An exact transcript is required of the lines below, from the one containing "Suit Tuxedo Black" through the very last; leave every picture out of it.
*** Opening Data block ***
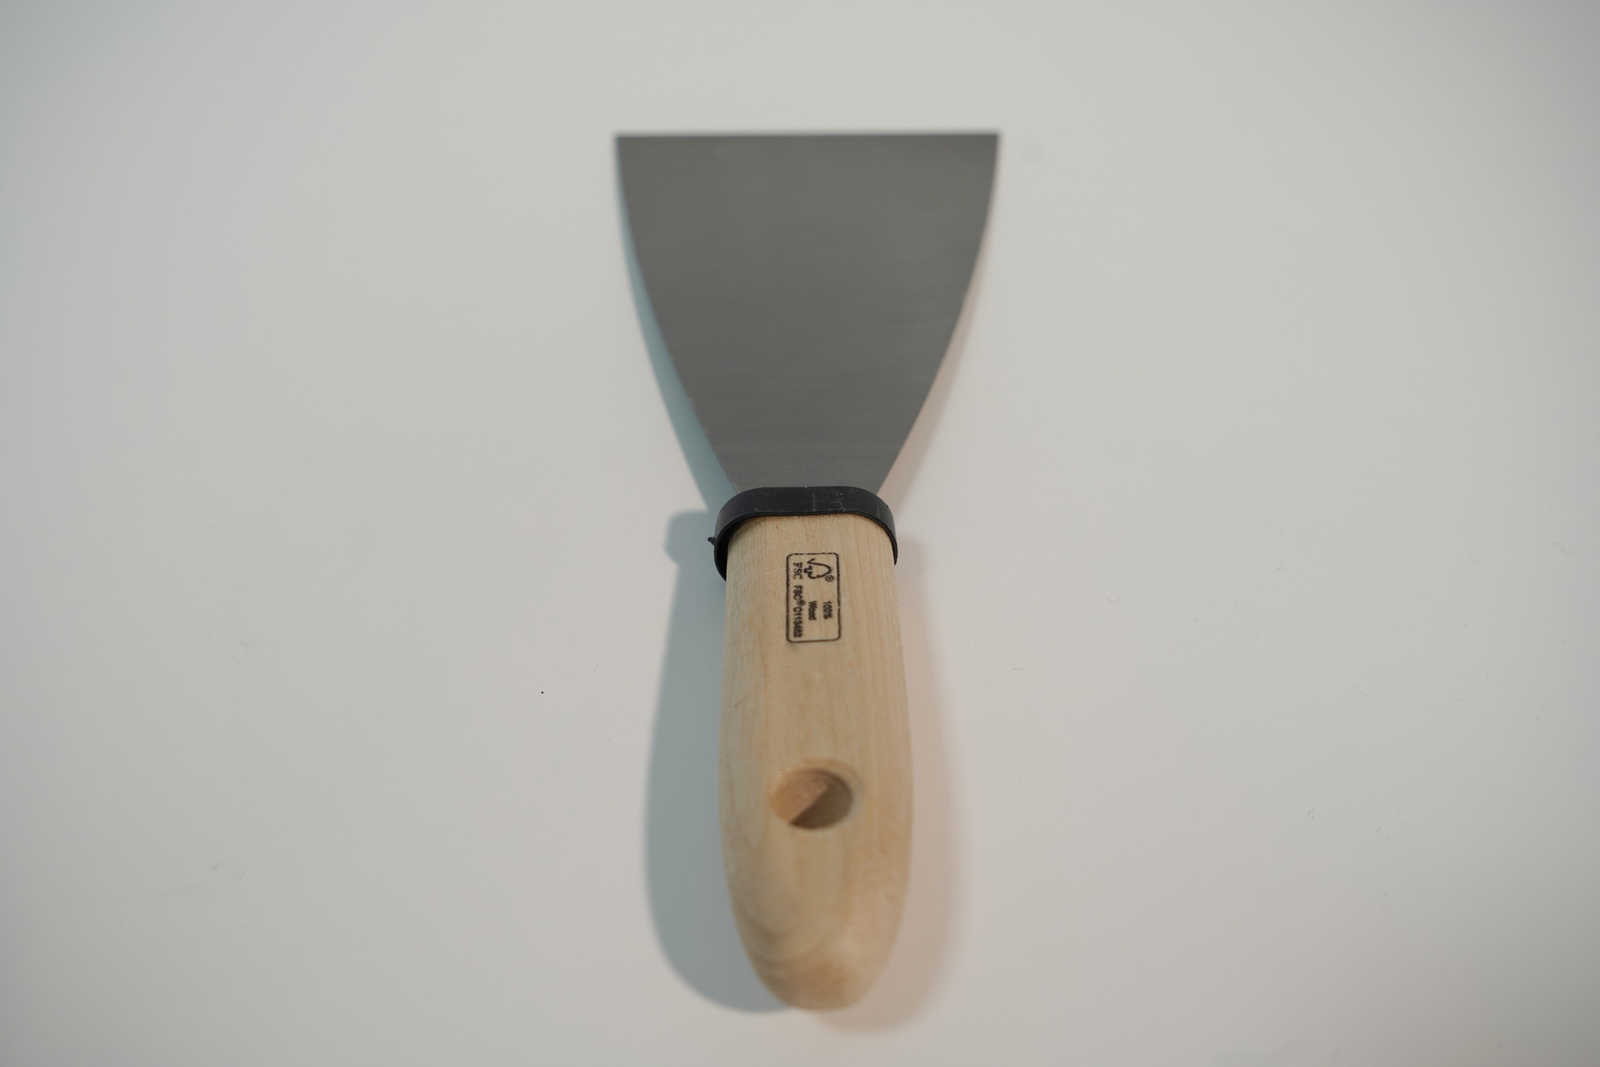             Espátula de pintor de 80 mm con hoja de acero flexible y mango de madera
        
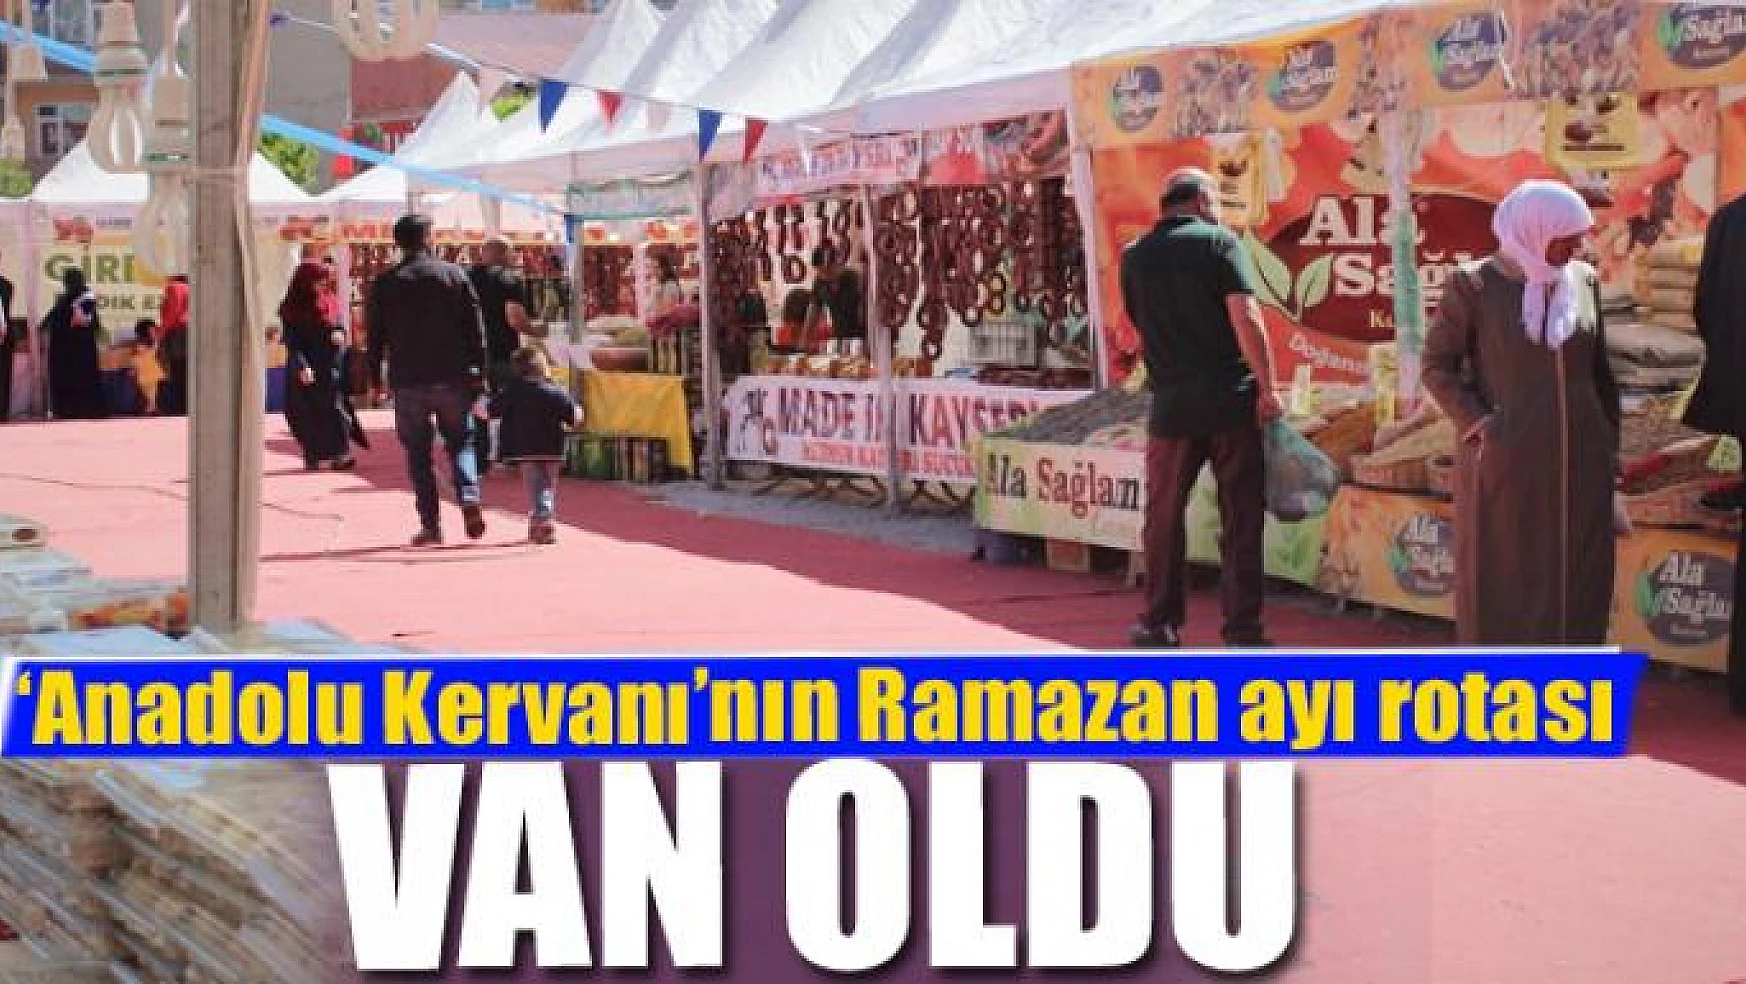 'Anadolu Kervanı'nın Ramazan ayı rotası Van oldu
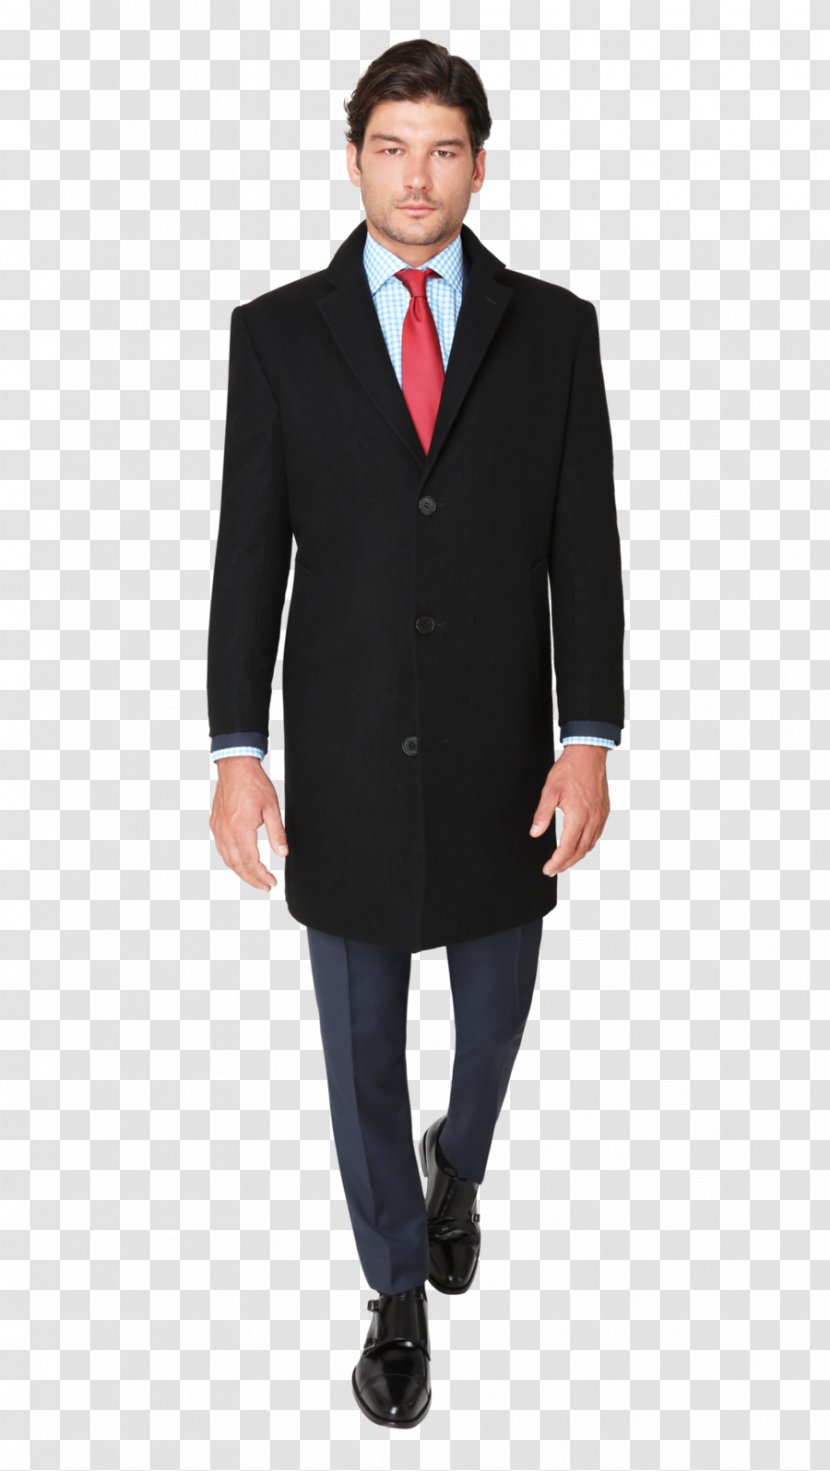 Suit Tuxedo Black Tie Clothing Jacket - Businessperson Transparent PNG
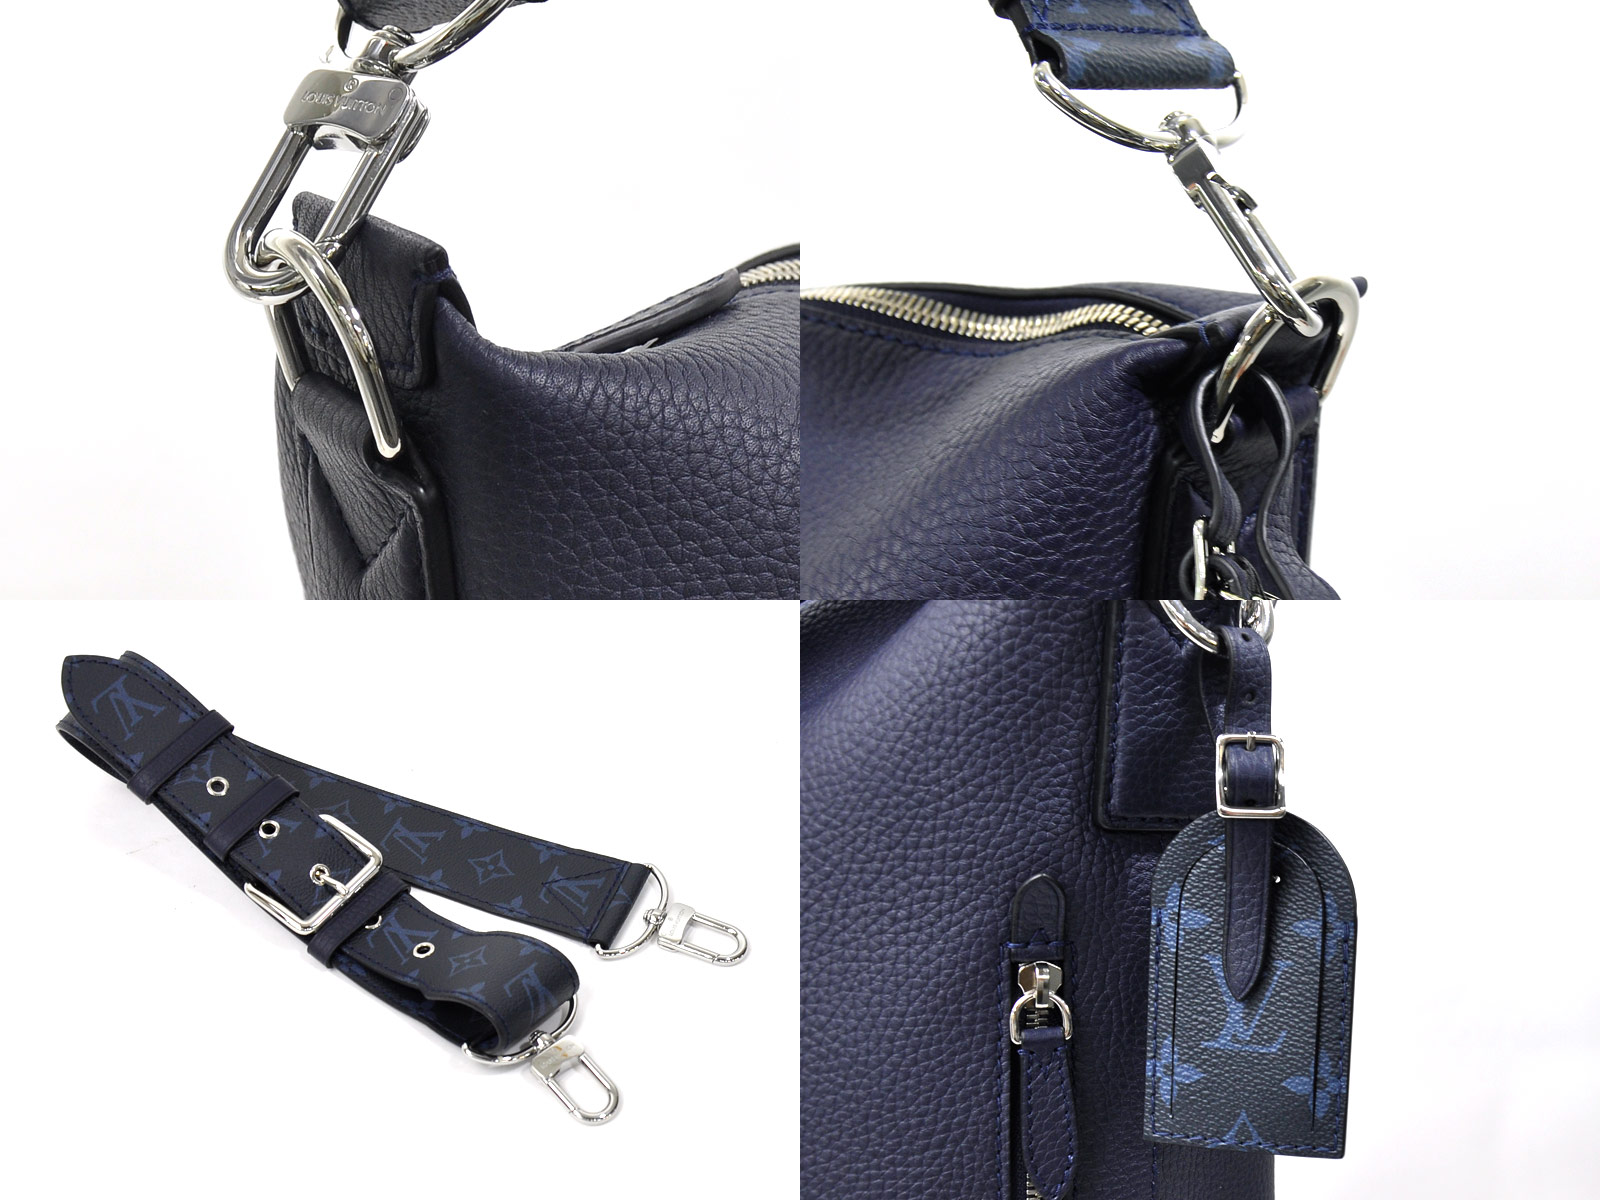 Auth Louis Vuitton East side duffel Shoulder Bag Navy Leather M53438 - 97871c | eBay
*** Closing Data block ***
| Response to this task |
 Suit Tuxedo Black Tie Clothing Jacket - Businessperson Transparent PNG
 Auth Louis Vuitton East side duffel Shoulder Bag Navy Leather M53438 - 97871c | eBay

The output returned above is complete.